Recent genome-wide association studies (GWASs) identified various genes and loci that confer susceptibility to coronary artery disease or myocardial infarction among Caucasian populations. As myocardial ischemia is an important risk factor for atrial fibrillation, we hypothesized that certain polymorphisms may contribute to the genetic susceptibility to atrial fibrillation through affecting the susceptibility to coronary artery disease. The aim of the present study was to examine the possible association of atrial fibrillation in Japanese individuals with 29 polymorphisms identified as susceptibility loci for coronary artery disease or myocardial infarction in the meta-analyses of GWASs in Caucasian populations. The study subjects comprised 5,470 Japanese individuals (305 subjects with atrial fibrillation and 5,165 controls). Genotypes for 29 polymorphisms were determined by a method that combines the polymerase chain reaction and sequence-specific oligonucleotide probes with suspension array technology. Comparisons of the allele frequencies by the χ2 test revealed that rs599839 (G→A) of the proline/serine-rich coiled-coil 1 gene (PSRC1, P=0.0084) and rs11556924 (C→T, Arg363His) of the zinc finger, C3HC-type containing 1 gene (ZC3HC1, P=0.0076) were significantly (P<0.01) associated with atrial fibrillation.

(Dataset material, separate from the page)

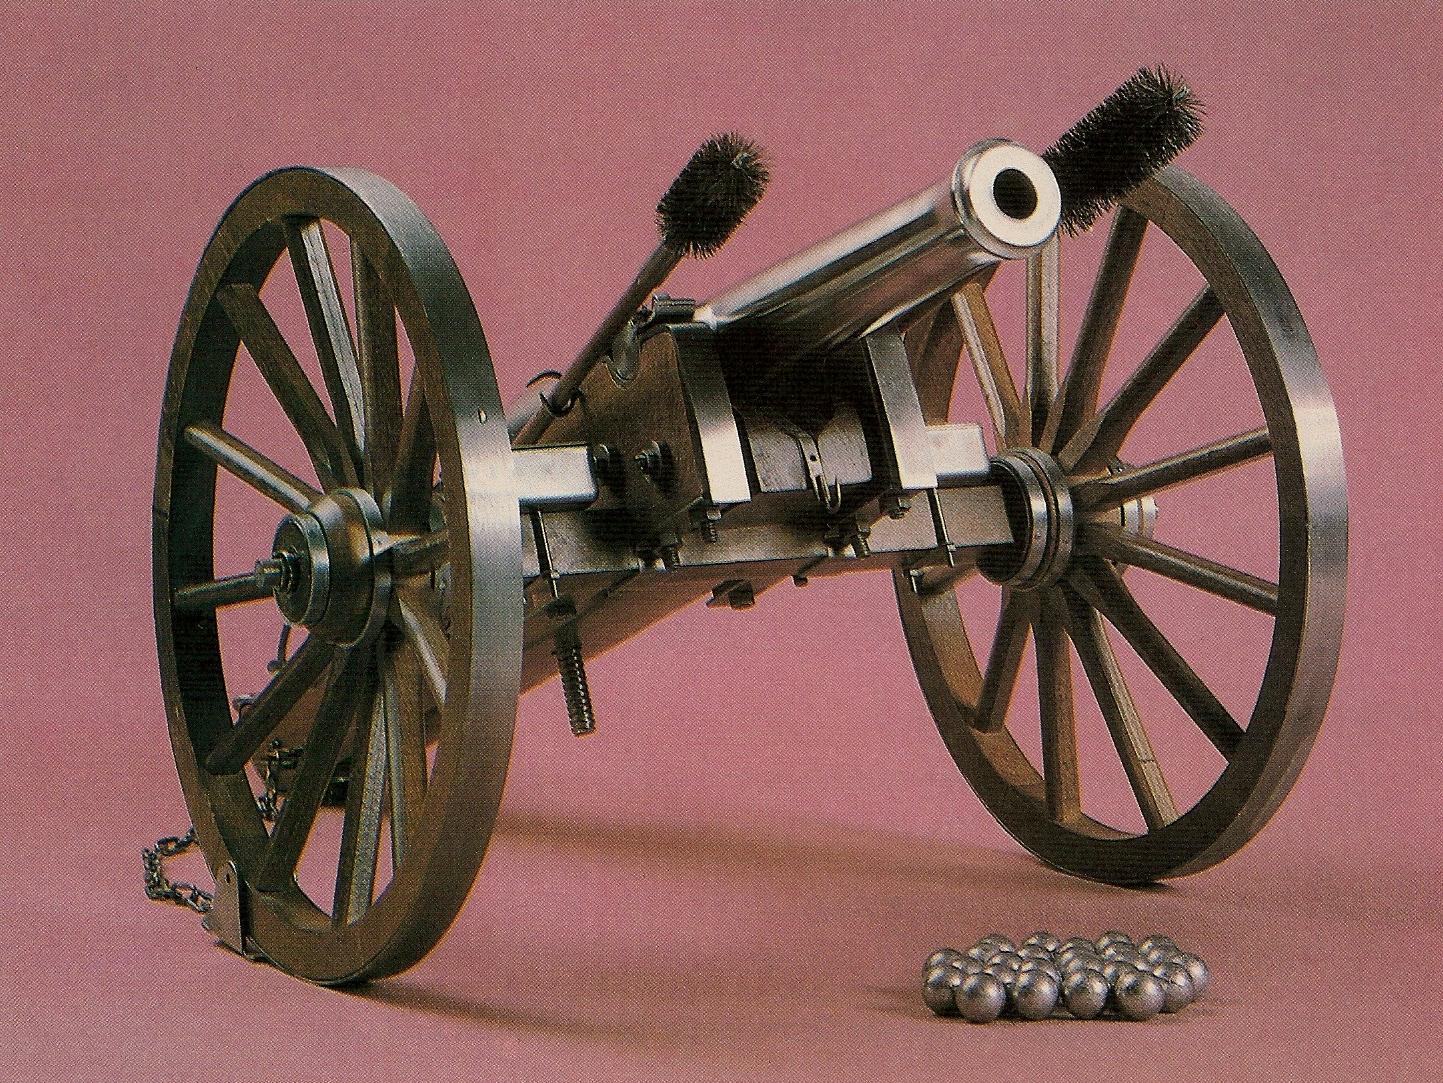 Le canon « Napoléon III » proposé en kit ou monté par la firme espagnole Dikar/Macris, devenue par la suite Ardesa, est une réplique dotée d'un tube massif usiné dans un bloc d'acier et de très belles roues cerclées.

Multivariable logistic regression analysis with adjustment for age, gender, body mass index, estimated glomerular filtration rate, and the prevalence of smoking, hypertension, diabetes mellitus, and dyslipidemia revealed that rs599839 (P=0.0043; odds ratio, 1.56; dominant model) and rs11556924 (P=0.0043; odds ratio, 1.93; dominant model) were significantly associated with atrial fibrillation, with the minor G and T alleles, respectively, representing risk factors for this condition. PSRC1 and ZC3HC1 may thus be susceptibility loci for atrial fibrillation in Japanese individuals.